The case for building more pipelines is strong. A rapid scale-up of natural gas production is needed to meet increasing national demand for electricity just as most of the coal and nuclear power fleets are being phased out. Last year LNG from Russia was delivered to Boston to meet consumer needs for natural gas during a cold snap, because a pipeline to carry gas to New England from the prolific Marcellus shale a few hundred miles away in Pennsylvania couldn’t be built.
Some politicians, including Gov. Cuomo, have said they want energy companies to focus more on renewable power sources, instead of building more gas plants and pipelines. Although solar and wind energy are emission-free, it is a matter of common sense that when faced with difficult environmental challenges, the more options that are available, the more likely emissions will be reduced. In fact, the switch from coal to natural gas nationally has reduced carbon emissions from electricity production to mid-1980’s levels.
The United States has been a laggard rather than a leader in energy decision-making. Implementing a natural gas agenda will require political leadership capable of neutralizing the longstanding opposition of people for whom the biggest dragons to be slain are the construction of new pipelines or the natural gas industry itself. A failure to act will drive away investment in natural gas production and cost thousands of jobs. It will also compromise environmental objectives. And it will increase the price of natural gas, which would harm consumers of natural gas and electricity and put U.S. exports of liquefied natural gas at a competitive disadvantage with other countries.

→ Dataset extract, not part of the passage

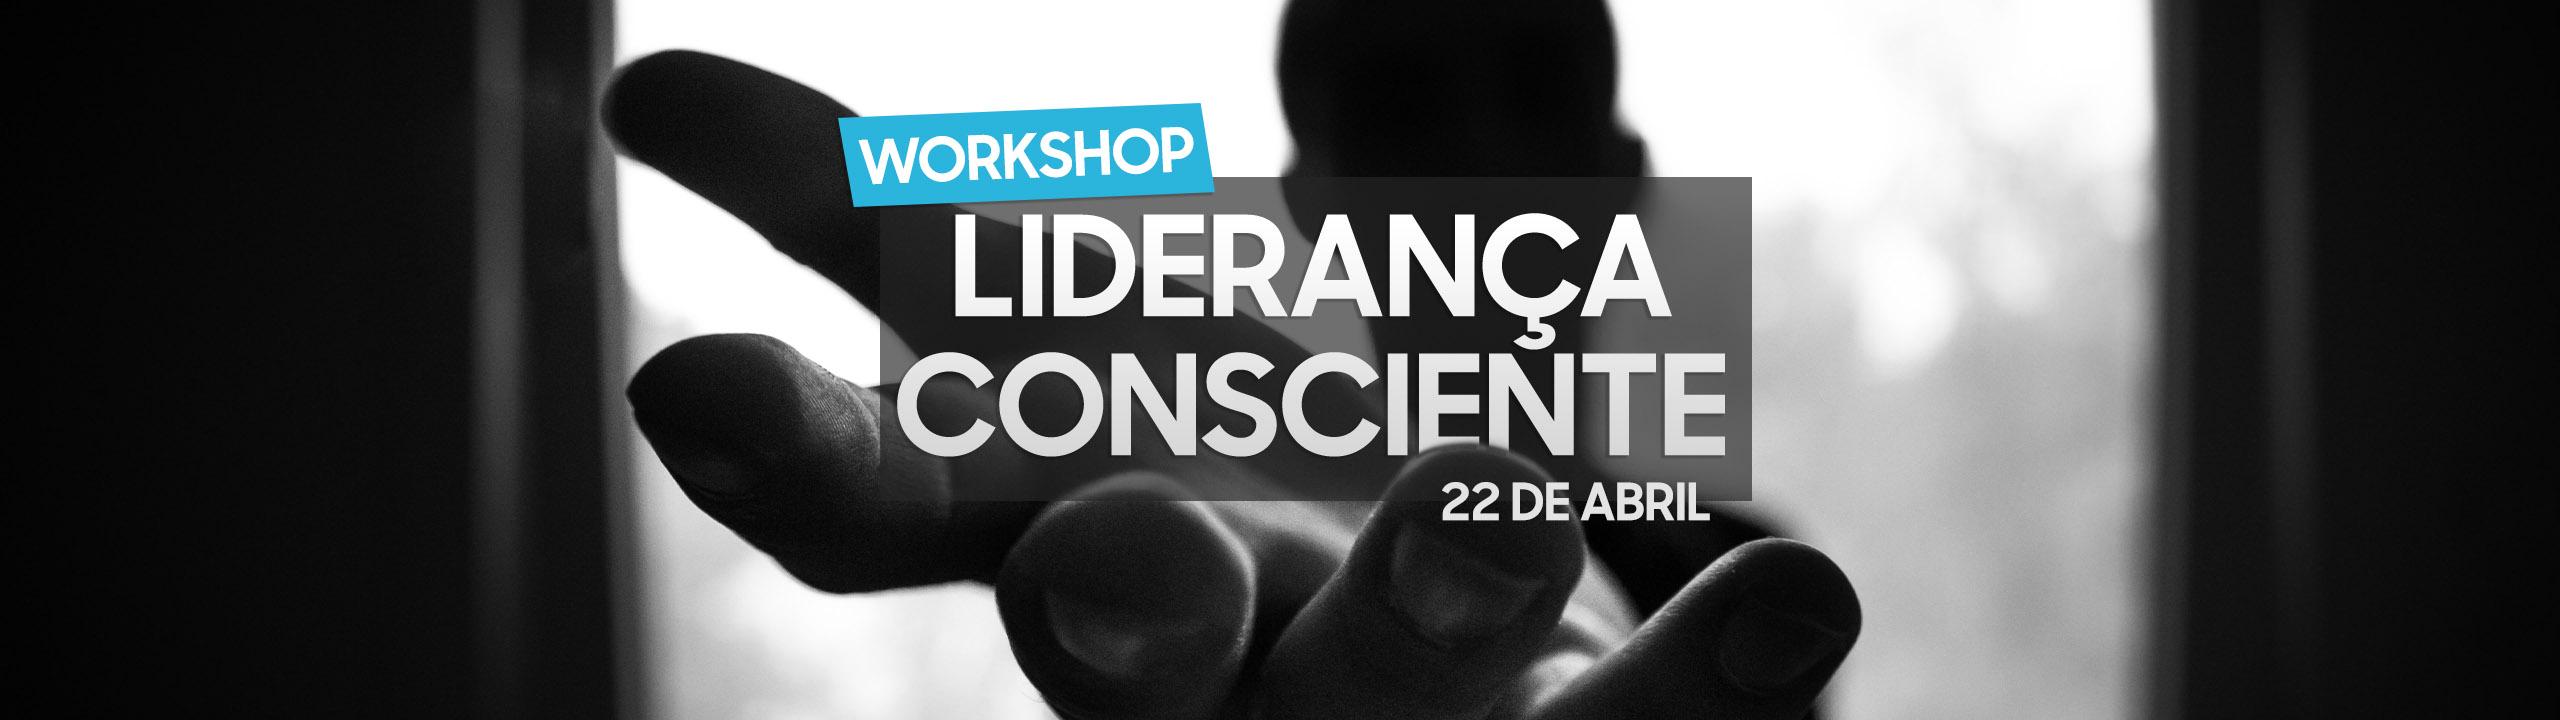 Workshop Liderança Consciente - Lisboa - 22 de Abril de 2020

A key question, then, is what should be the federal government’s role in the siting and construction of new pipelines? The most sensible approach would be for the Administration to issue an executive order that would open the door for more natural gas pipelines.

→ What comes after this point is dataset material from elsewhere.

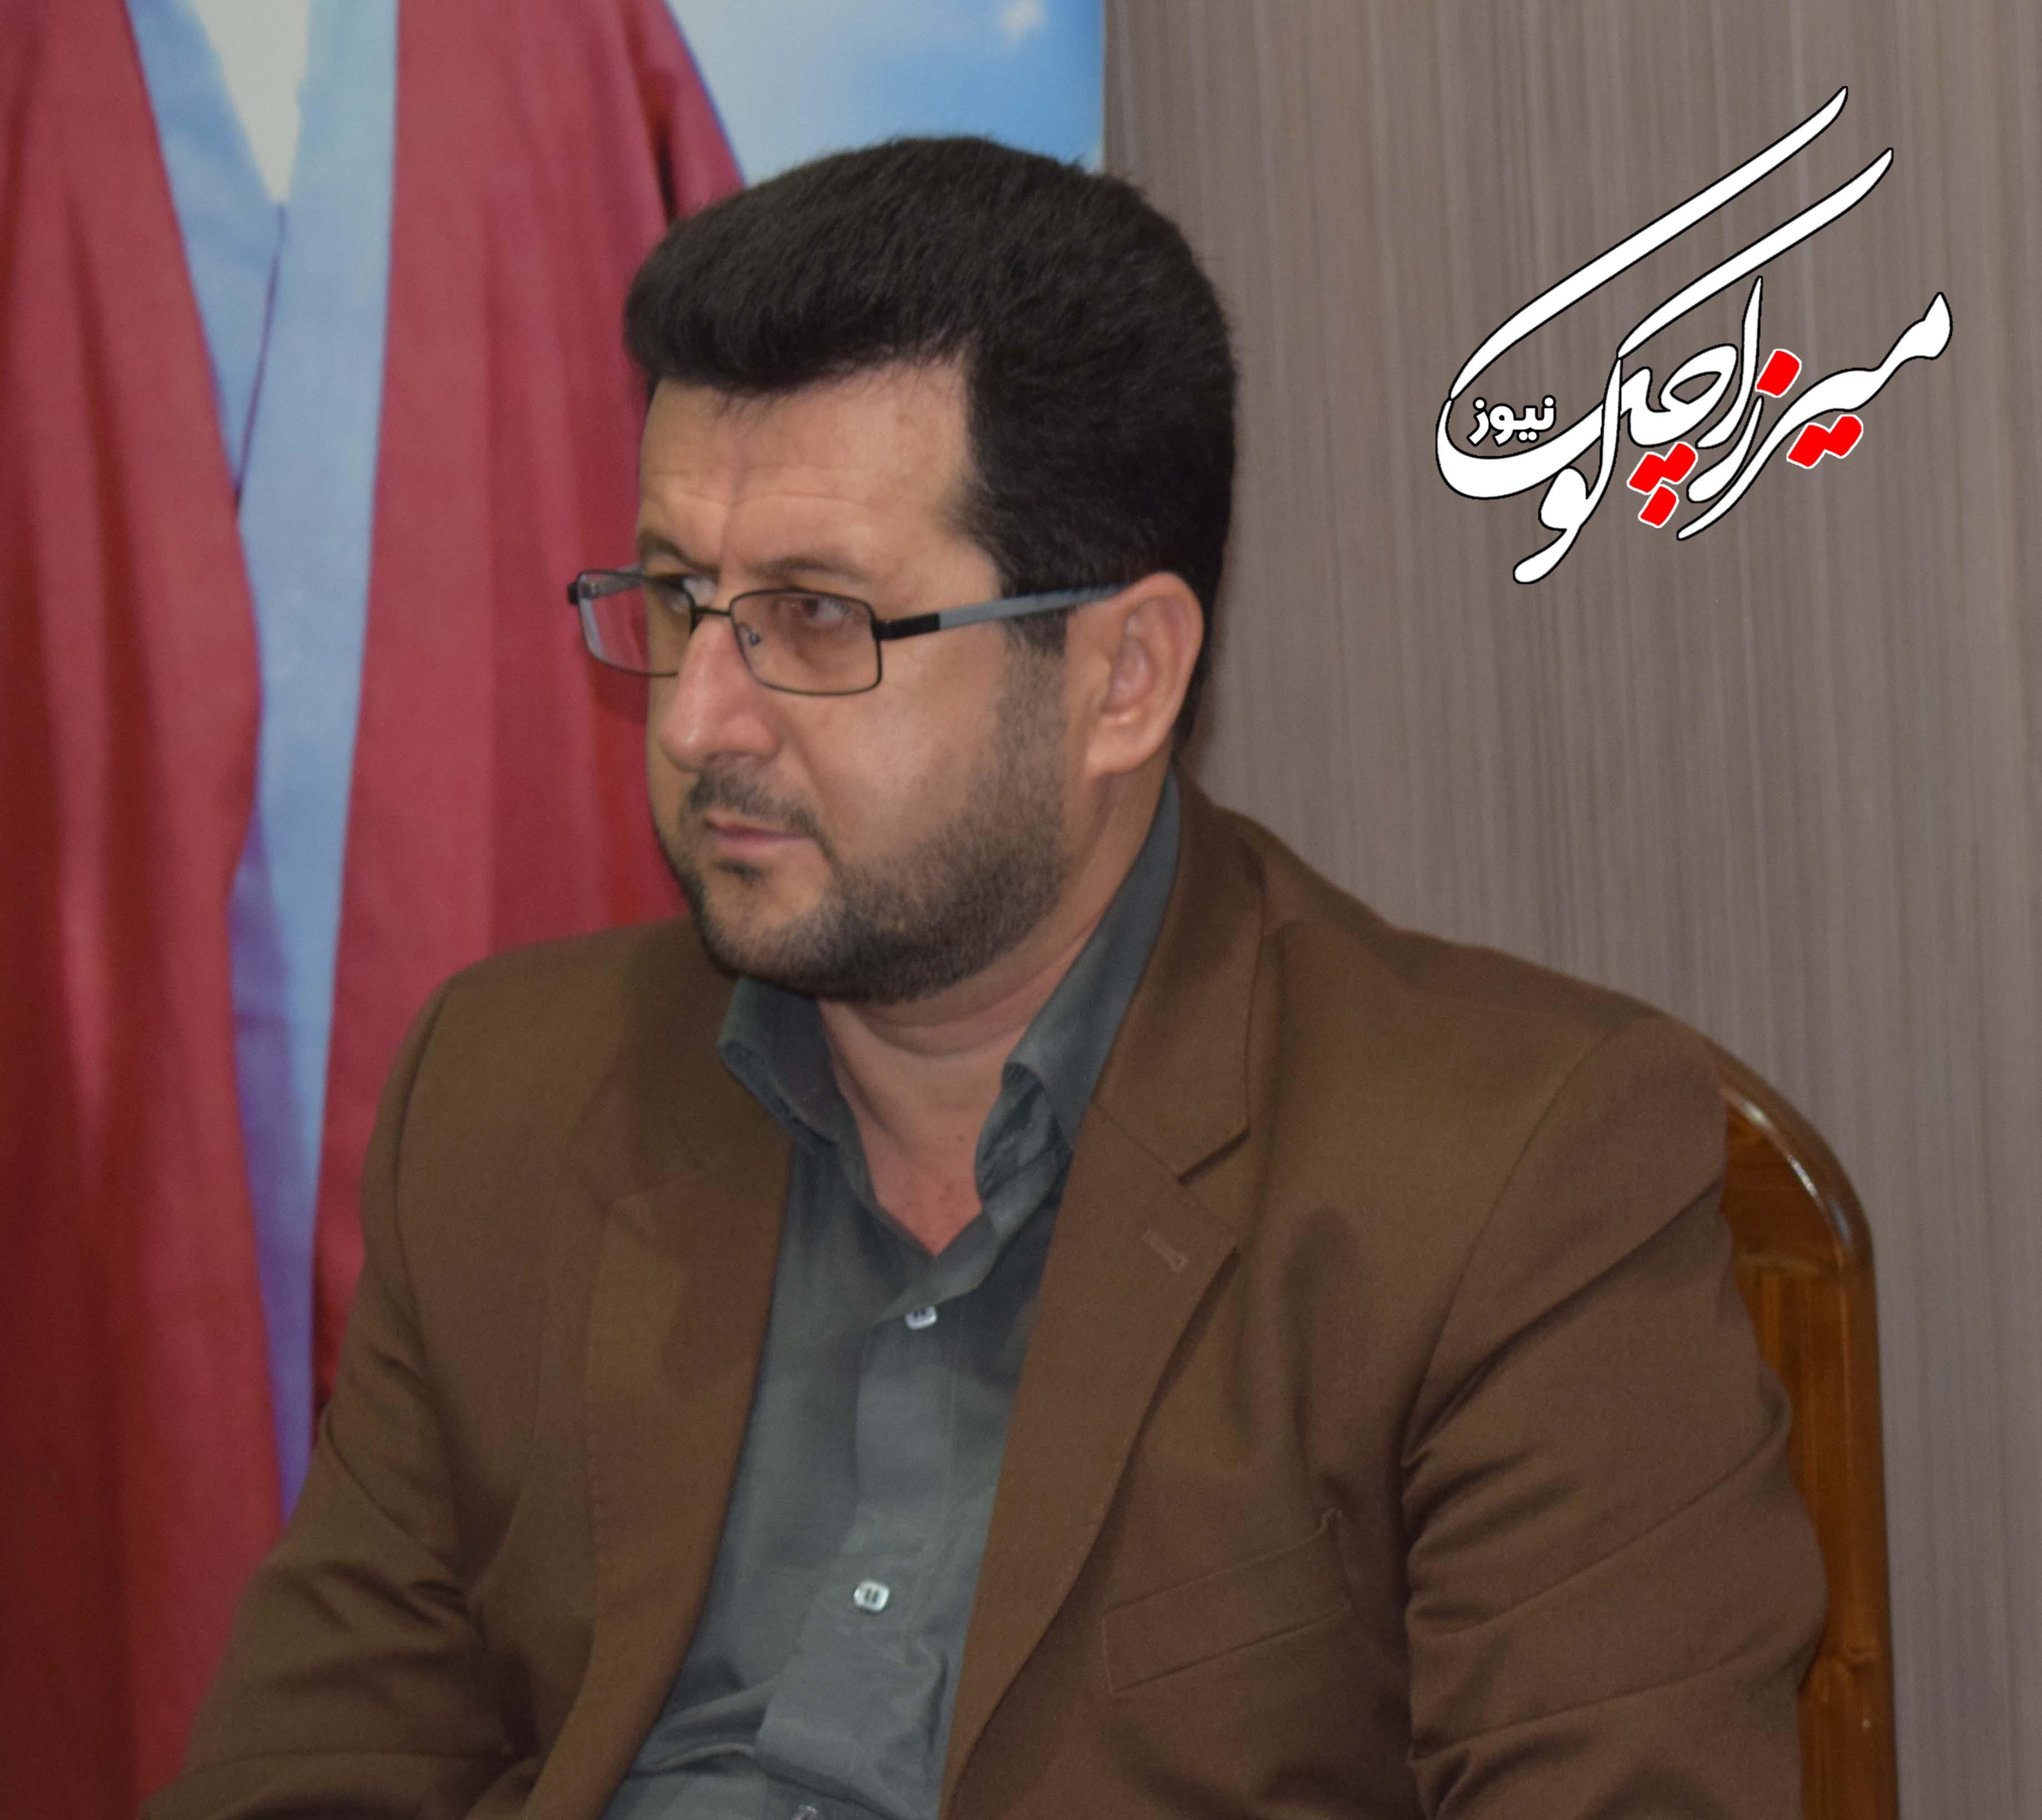 پیام رئیس اداره فرهنگ و ارشاد اسلامی شهرستان صومعه سرا

This new agenda would be a clear departure from more than three decades of controversy, timidity, and indecision in U.S. infrastructure policy. It is one of the unfortunate legacies of the years of policy drift that now, at the very moment that environmental concerns are building and the need for low-carbon energy sources is growing more urgent, the ability of natural gas to respond to this need is in doubt.And that could become problematic.